SAN MATEO, Calif. – July 13, 2005 -- Future Image Inc, the leading independent center of expertise on the convergence of imaging, information technology, and telecommunications, and I3A (International Imaging Industry Association), the leading global association for the imaging industry, announced today the fifth Mobile Imaging Summit to be held in Monterey, California, on October 11-12, 2005. The theme of the event is Opportunities Inside the Camera-Phone Ecosystem – The Americas. Sponsors to date include Nokia, Cognima, Digimarc, dotPhoto, DxO Labs, Eastman Kodak, Hewlett-Packard, Motorola, Nethra Imaging, Neven Vision, Silverwire, and Sprint. Association sponsors are Photokina, Photo Marketing Association (PMA) and CTIA – The Wireless AssociationTM.
The Mobile Imaging Summit conferences are limited attendance events for senior executives that bring together leaders of the imaging, information processing and telecommunications industries to foster revenue growth in the camera-phone ecosystem. The content, venue and amenities are carefully designed to maximize opportunities for participants to identify areas of mutual business advantage, and to make the high-level connections that enable market leadership and drive competitive advantage. Sessions are conducted in a highly interactive format, drawing on Future Image’s extensive research and a stellar lineup of industry speakers to highlight key issues and promote discussion onstage and off.

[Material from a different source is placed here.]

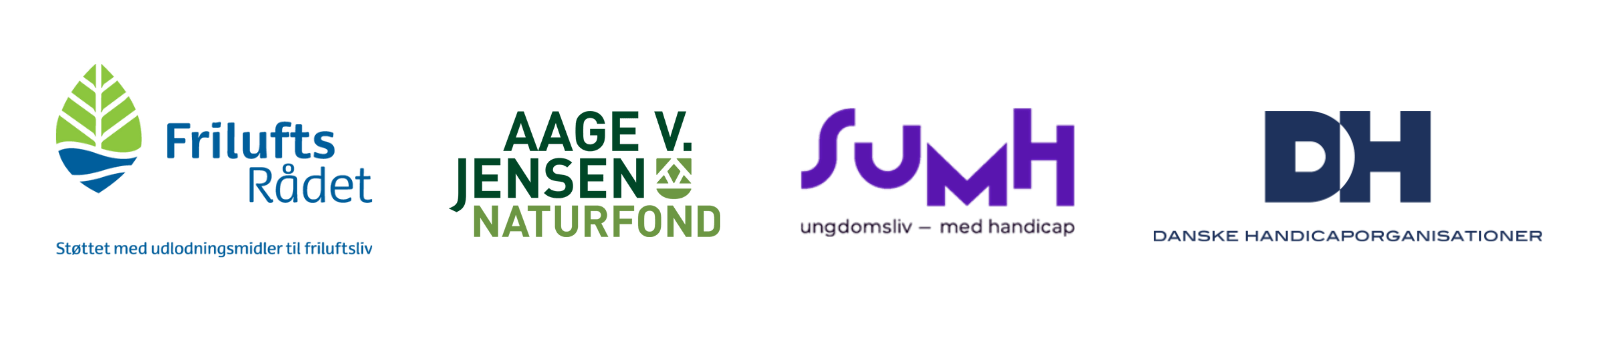 Billede af Friluftsrådets logo, Aage V. Jensen-logo, SUMH-logo og DH-logo uden baggrund.

The Monterey Summit will be the first to feature a new session format that more prominently features Future Image research. “Our attendees have consistently given rave reviews to our unique format that bans canned company pitches in favor of moderated discussion and broad interactive audience participation,” said Joe Byrd, VP, Conferences and Alliances. “However as the market matures, attendees are telling us they would like to hear more from our analysts, who have the justified reputation of being the most astute in the business. We’re therefore revising our format to allow our analysts to make a brief presentation of their relevant research at the beginning of each session, before moderating the discussion.”
The summary agenda is as follows (for a full description of sessions, please see www.gmedication.com):
Ø State of the Industry. Presented by Tony Henning, Managing Editor of the Future Image Mobile Imaging Report
Ø Visionary Roundtable, Moderated by Alexis Gerard, President, Future Image: What’s the “killer app” for mobile imaging?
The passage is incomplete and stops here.